Вскоре он понял, что забрел достаточно далеко. Почва вдруг обмякла и качнулась у него под ногами, как если бы он наступил на батут. Следовательно, он уже сошел с аллеи. Максим чиркнул спичкой. Так и есть: он стоял на толстом покрывале из мха. Он жег спичку за спичкой, но все равно не узнавал это место. Куда дальше идти? Очевидно, аллея где-то рядом. Ему нужно вернуться, и уже ни в коем случае не сходить с нее.

Внезапно где-то неподалеку хрустнула сухая ветвь. Сердце его тревожно забилось.

— Кто там? — громко спросил он. — Аша?

Ему не ответили.

— Аша? — повторил он.

Пальцы перестали слушаться, ему никак не удавалось открыть спичечный коробок.
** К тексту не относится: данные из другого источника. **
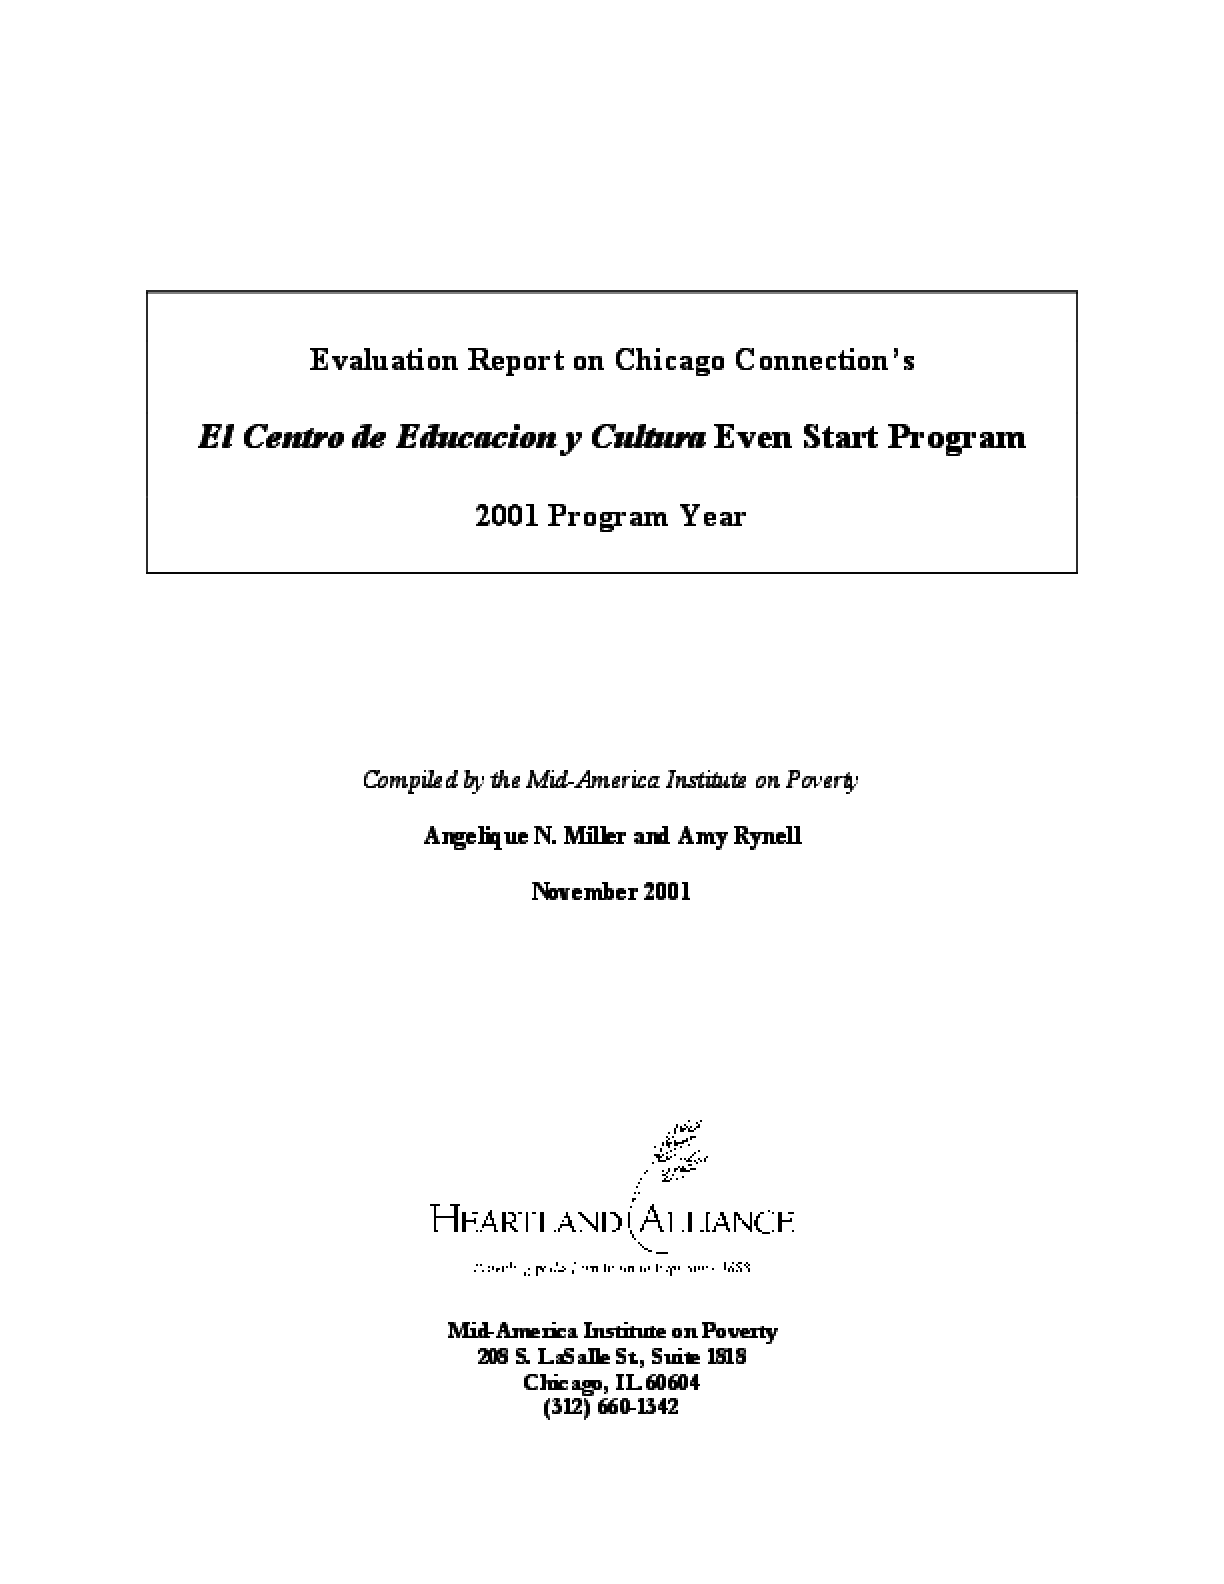 Evaluation Report on Chicago Connection's Refugee Even Start Program

Вспыхнувшее наконец пламя выхватило из темноты стволы обступивших его деревьев и приближающуюся фигуру Аши в знакомом светлом платьице. Она была уже совсем близко. Еще несколько шагов — и она стояла рядом.

— Я за тебя беспокоился, — сказал он. — Что ты тут забыла? И что это за игра в прятки?

— Мне пришлось прогнать Президента. Я вывела его за ворота и бросила в него камень, чтобы он не шел за мной. А не отвечала, так как мне не хотелось, чтобы твой дядюшка увидел меня с ним.

— Послушай, ему сейчас не до Президента. Так же как и мне. За это время кое-что случилось, — Максим взял ее за руку. — Нам лучше вернуться в коттедж, там я тебе все объясню.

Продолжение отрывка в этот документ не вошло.